Он встал. Но она сидела.
– Вы не удостоиваете смертных снизойти до них, взглянуть на их жизнь, живете олимпийским неподвижным блаженством, вкушаете нектар и амброзию – и благо вам!
– Чего же еще: у меня все есть, и ничего мне не надо…
Она не успела кончить, как Райский вскочил.
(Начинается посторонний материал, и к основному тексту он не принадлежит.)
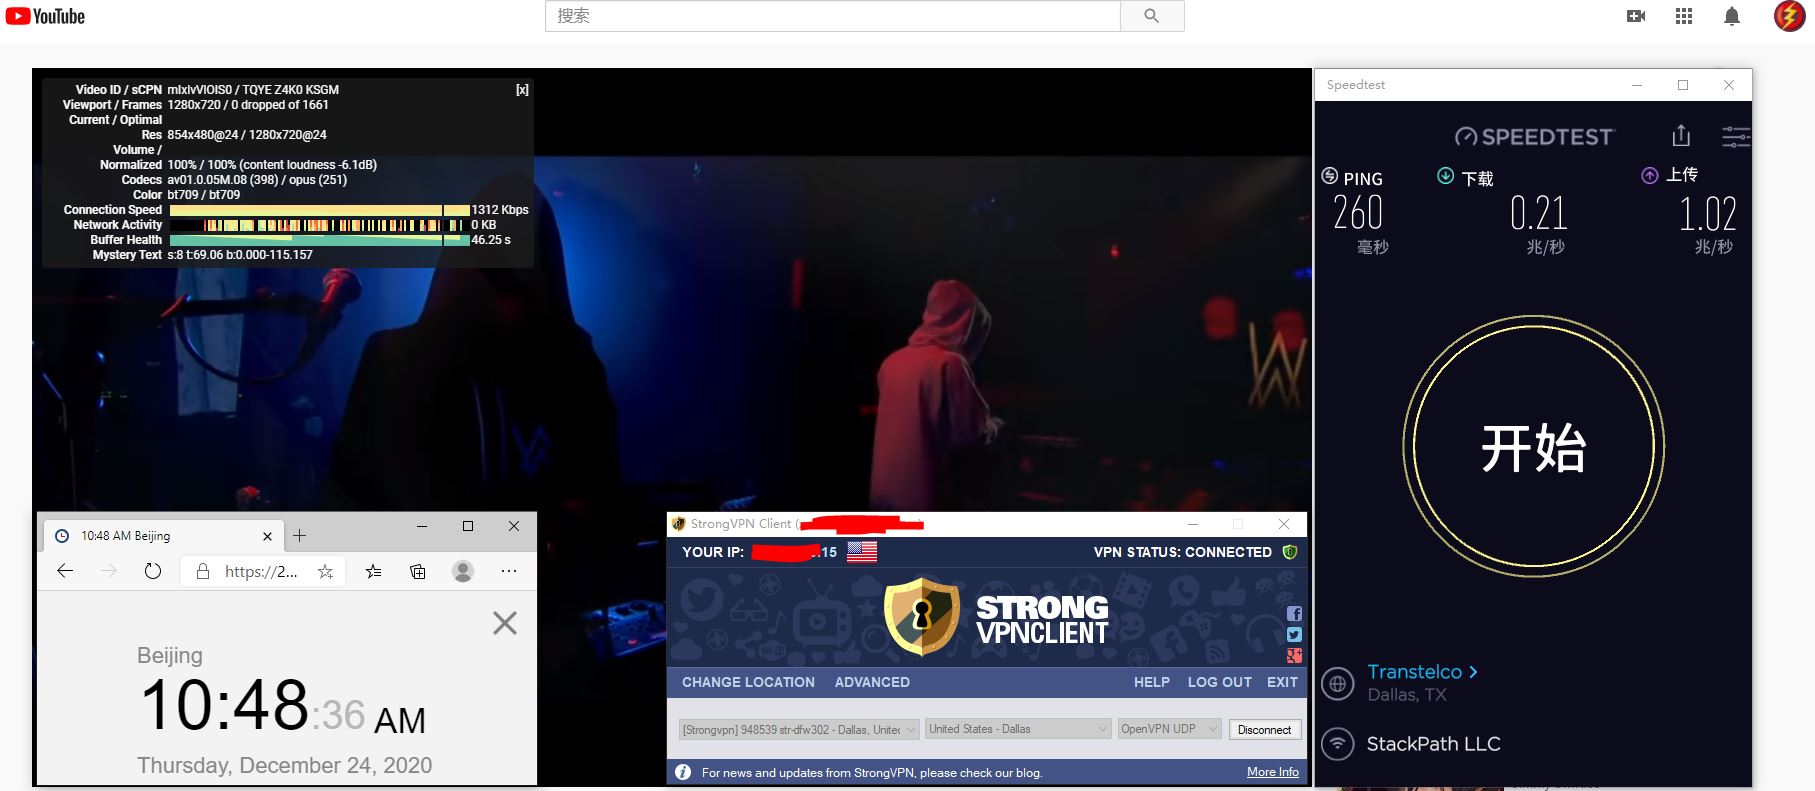 Windows10 StrongVPN USA - Dallas-2 服务器 中国VPN 翻墙 科学上网 测试 - 20201224Windows10 StrongVPN USA - Dallas-2 服务器 中国VPN 翻墙 科学上网 测试 - 20201224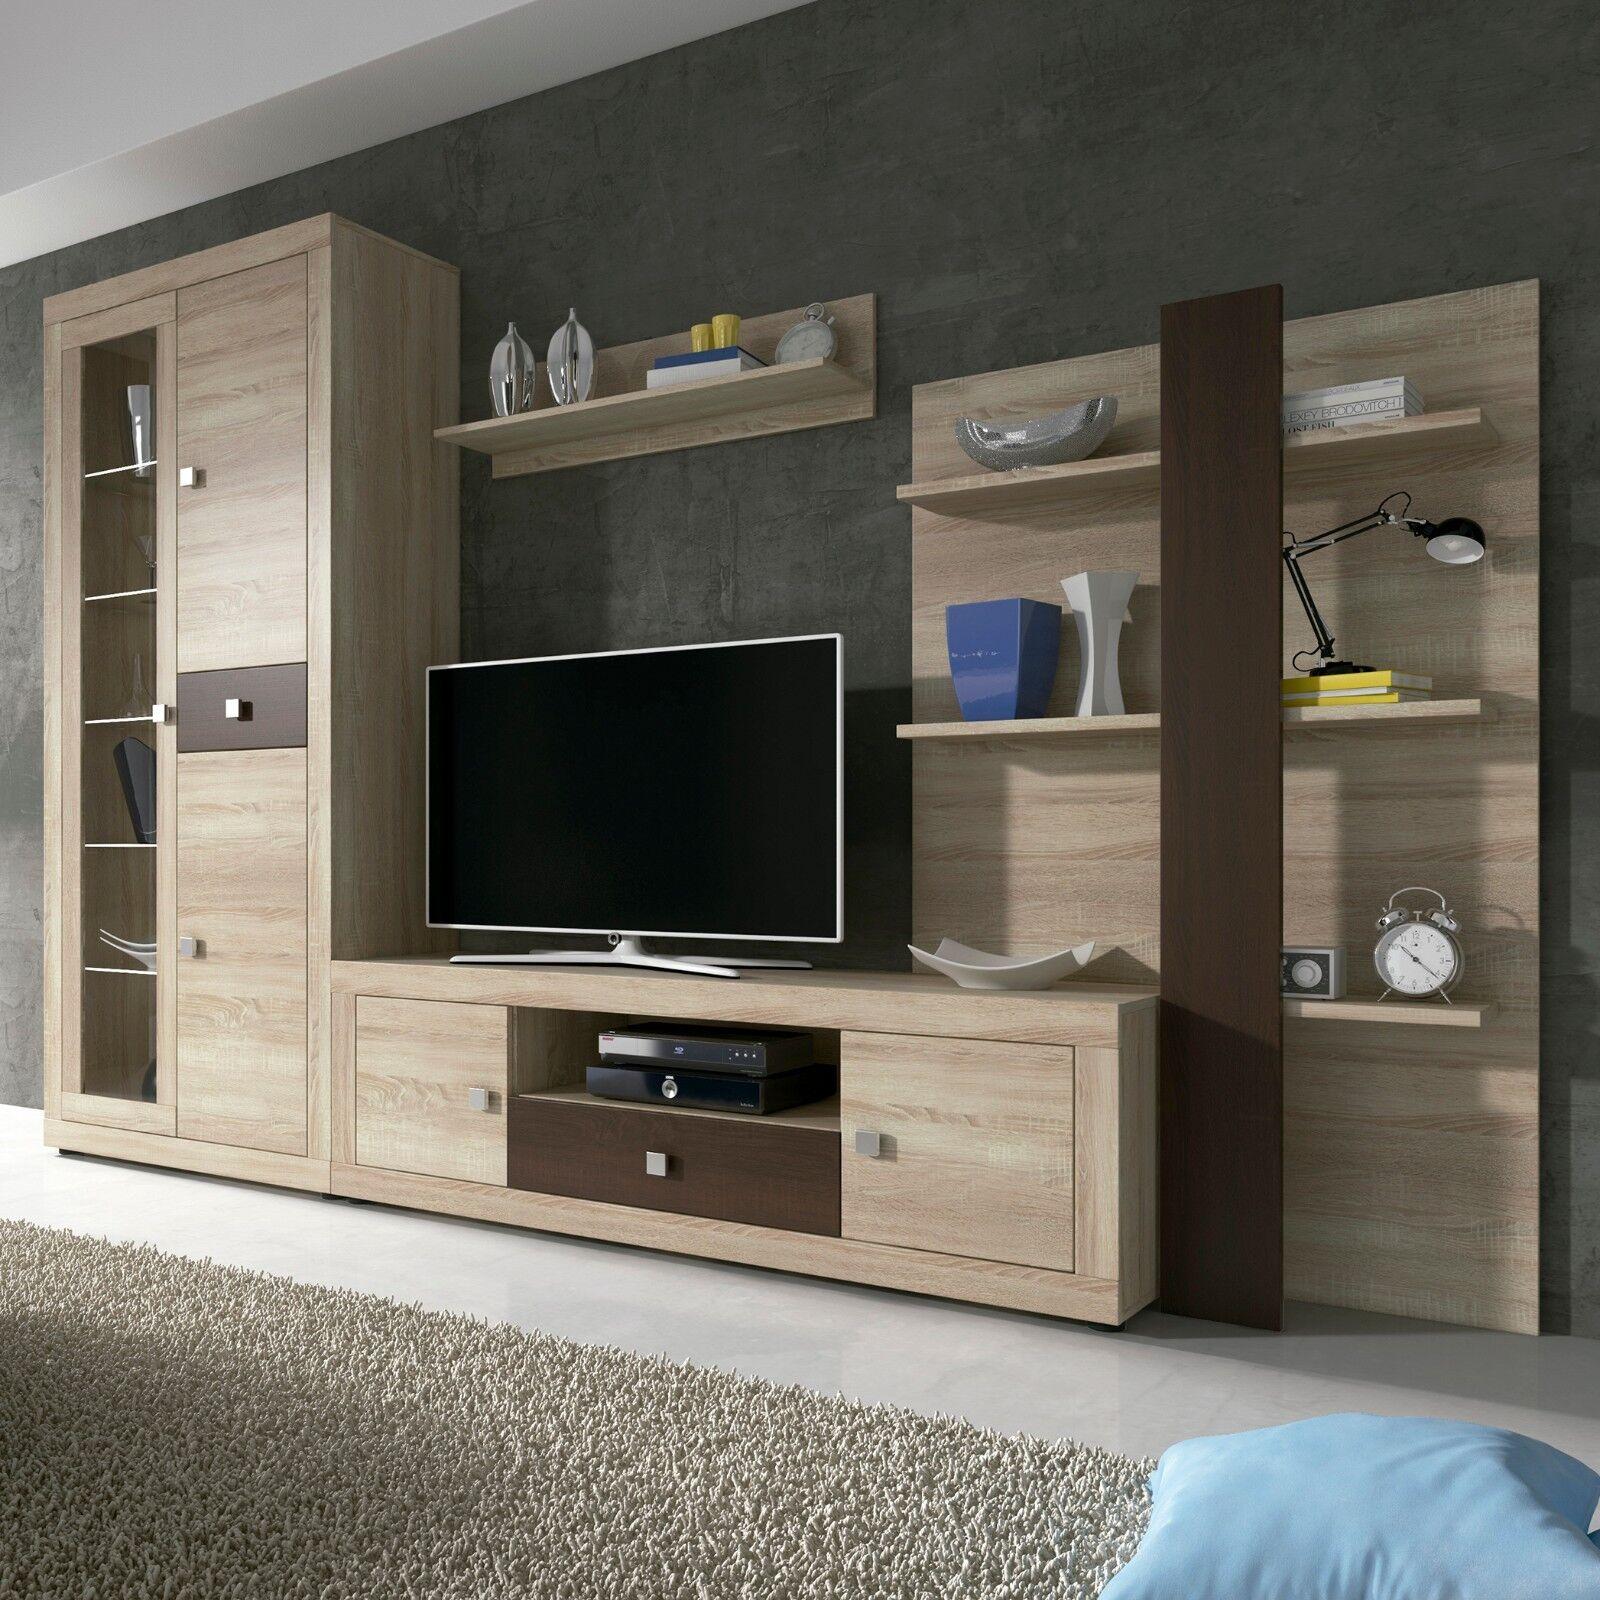 Mueble de comedor con leds, conjunto comedor salon vitrina modulo Tv ...

– Вы высказали свой приговор сами, кузина, – напал он бурно на нее, – «у меня все есть, и ничего мне не надо»! А спросили ли вы себя хоть раз о том: сколько есть на свете людей, у которых ничего нет и которым все надо? Осмотритесь около себя: около вас шелк, бархат, бронза, фарфор. Вы не знаете, как и откуда является готовый обед, у крыльца ждет экипаж и везет вас на бал и в оперу. Десять слуг не дадут вам пожелать и исполняют почти ваши мысли… Не делайте знаков нетерпения: я знаю, что все это общие места… А думаете ли вы иногда, откуда это все берется и кем доставляется вам? Конечно, не думаете. Из деревни приходят от управляющего в контору деньги, а вам приносят на серебряном подносе, и вы, не считая, прячете в туалет…
– Тетушка десять раз сочтет и спрячет к себе, – сказала она, – а я, как институтка, выпрашиваю свою долю, и она выдает мне, вы знаете, с какими наставлениями.
– Да, но выдает. Вы выслушаете наставления и потом тратите деньги. А если б вы знали, что там, в зной, жнет беременная баба…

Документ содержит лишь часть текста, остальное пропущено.